父ちゃん、ヤバいこと話していい?と前置きをして、長女は私に話しだした。

ピアノ教室に向かう夜の道。近所だけど暗いので、いつも私か妻のどちらかが付き添って通っている。

片道10分もない道だけど、夜の道を歩く高揚感もあってか、いつも付きまとってくる次女もいないからか、ここでは長女がいろんな話をしてくれる。

3月にある初めての発表会が不安なのか。ピアノを習い始めて1年間の集大成の場となる。そこに向けて大詰めの時期なので、緊張してきているんだろう。

それとも引越しすることが不安なのか。終業式が終わったら2年生から福岡の小学校に転校となる。これまでにできた友達と離れてまた一から人間関係を作っていかないといけない。

いろいろありすぎて不安になって当然の時期だ。でも今長女の中で一番ヤバいと思ってることってなんだろう。ドキドキしつつ、なに?と聞くと長女は「私、T君のこと、好きかもしれない」と言った。

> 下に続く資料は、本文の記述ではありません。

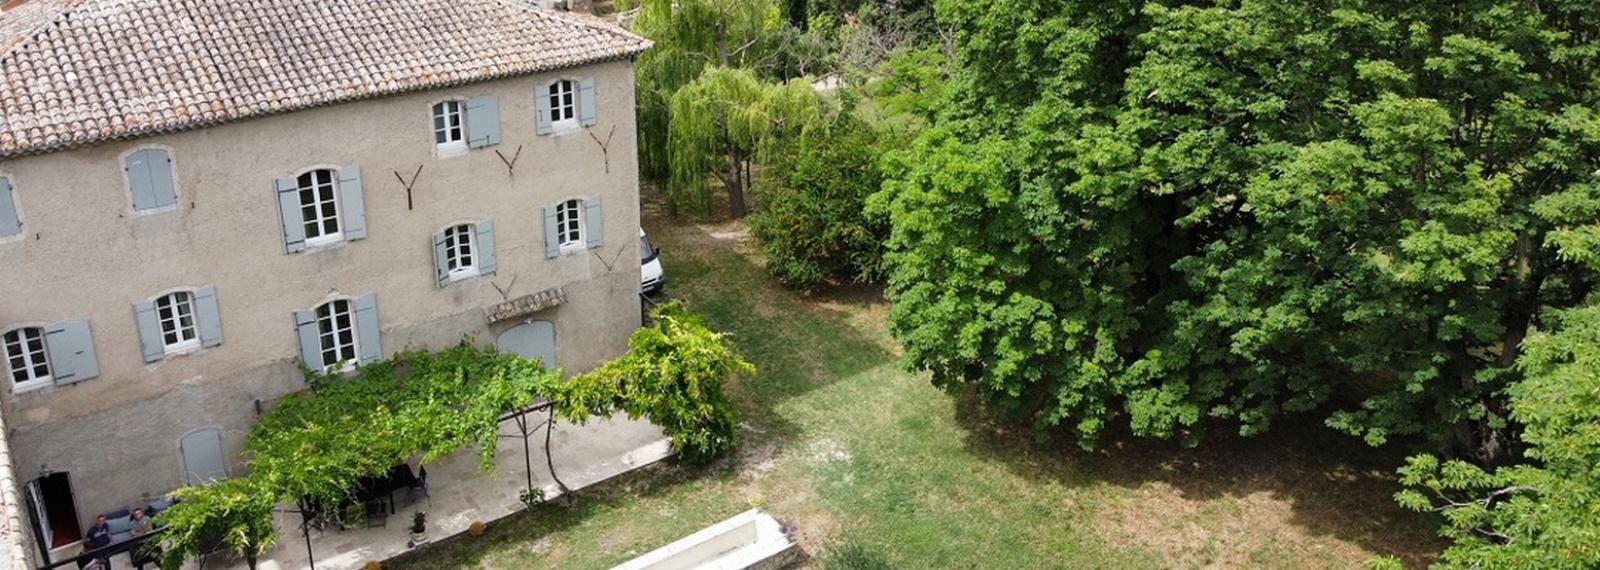 Chambres d'hôtes à Saint-Rémy-de-Provence Domaine de Romanil

そうだった。今日長女はバレンタイン用にチョコチップマフィンを作ったんだった。誰に渡すの?と聞いたらよく登下校で一緒になっている同じクラスのT君と、モス(飼い猫)の保護がきっかけで仲良くなった同じマンションのY君の名前を言っていた。どちらも仲が良い男の子だとは思っていたけど、そうなのか。T君にはLOVEだったのか……!

朝から長女を小学校まで送っている時に私も何度かT君を見かけたことがある。ばったり会うと嬉しそうに長女にかけよりカービィの話をしていた。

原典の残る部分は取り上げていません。